→ AIM OF THE TASK
Write out the data word for word and omit every picture.

───── DATASET EXTRACT ─────

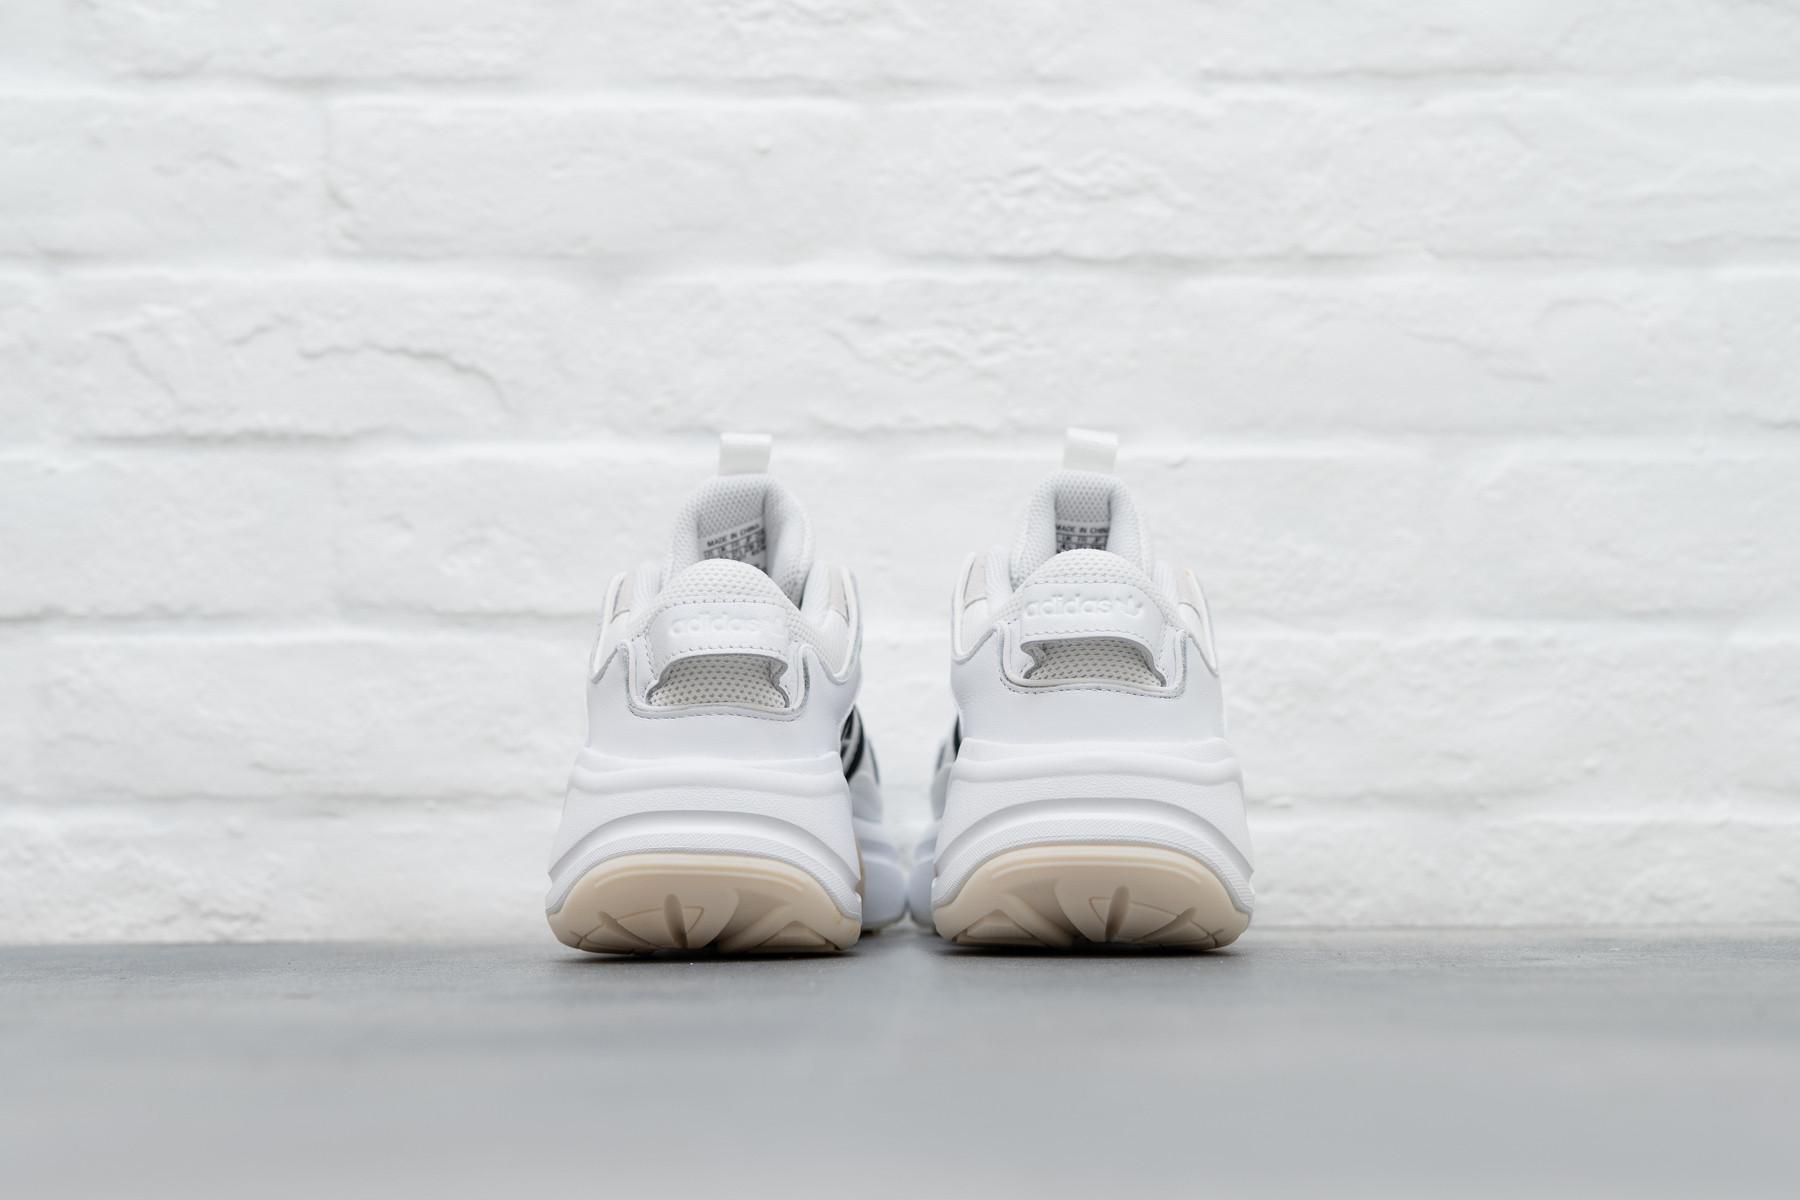 W Adidas Magmur Runner Sneaker.no
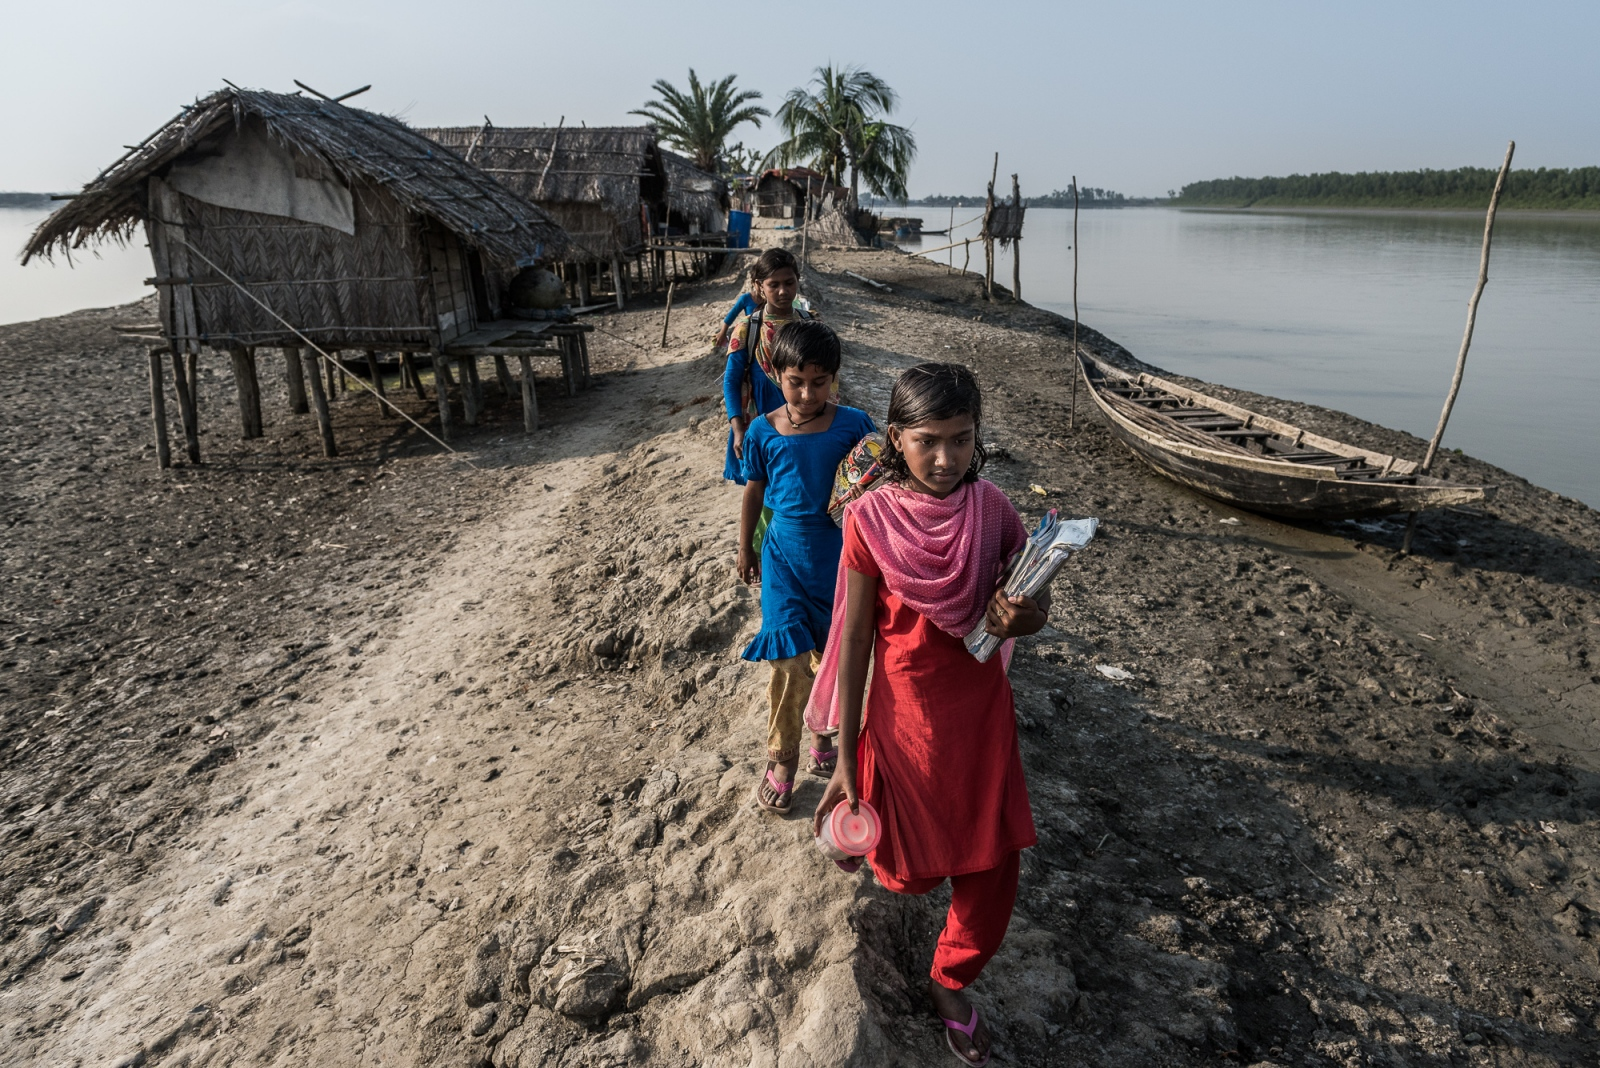 Art and Documentary Photography - Loading Climate_changed_-_Ignacio_Marin-5.jpg
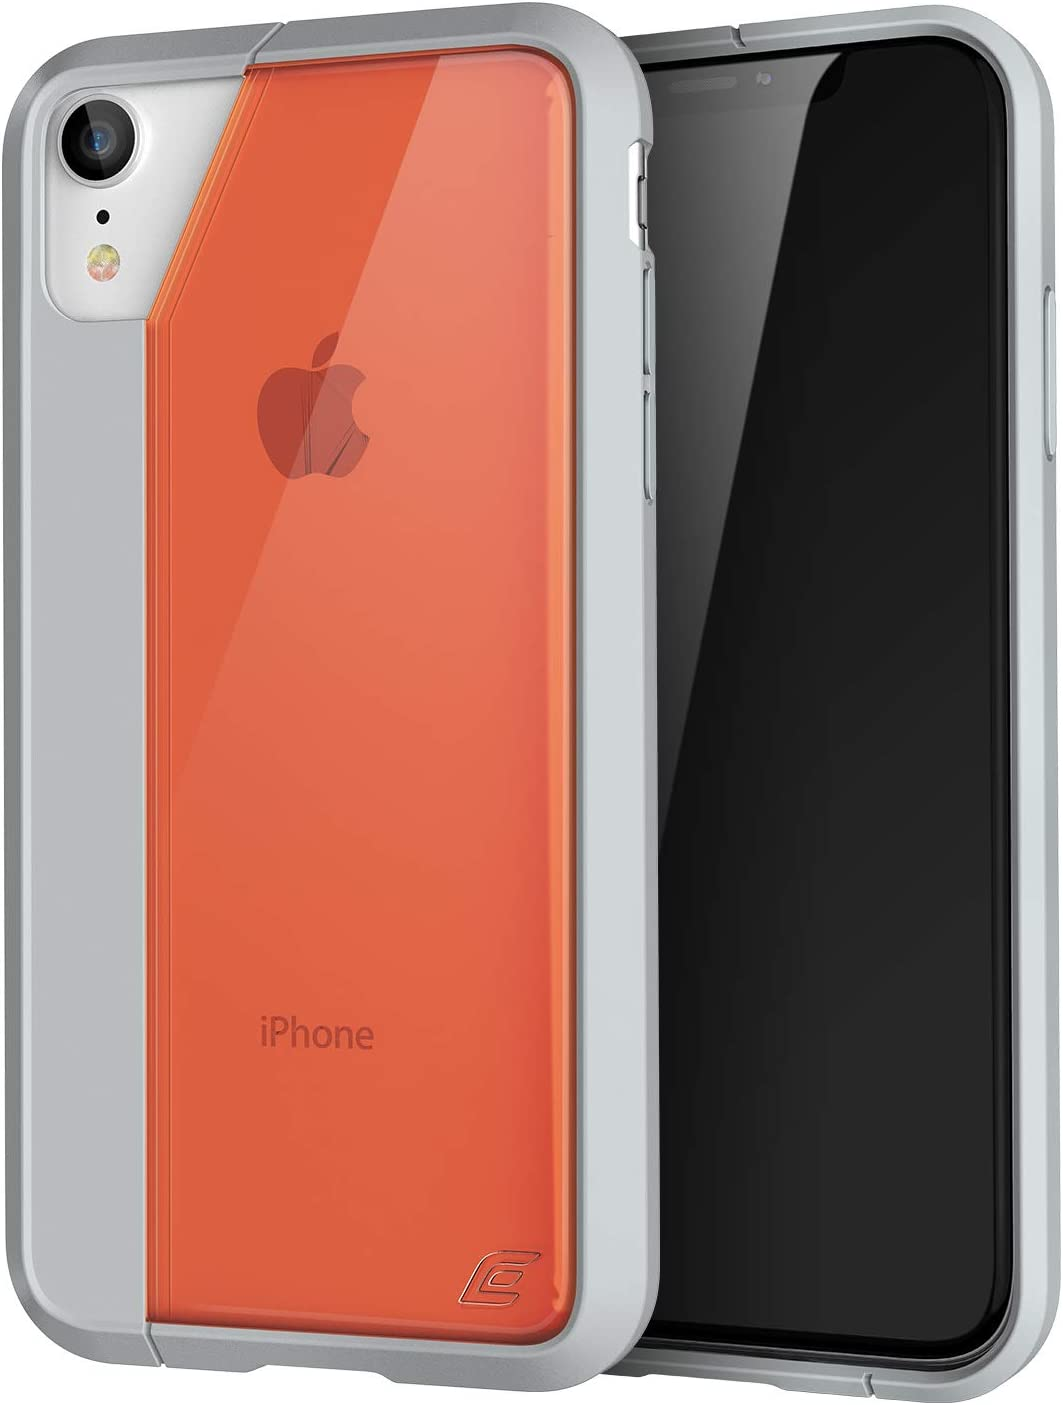 Illusion for iPhone XR - Orange: Amazon.es: Electrónica

─────

→ FINAL ANSWER
 W Adidas Magmur Runner Sneaker.no
 Art and Documentary Photography - Loading Climate_changed_-_Ignacio_Marin-5.jpg
 Illusion for iPhone XR - Orange: Amazon.es: Electrónica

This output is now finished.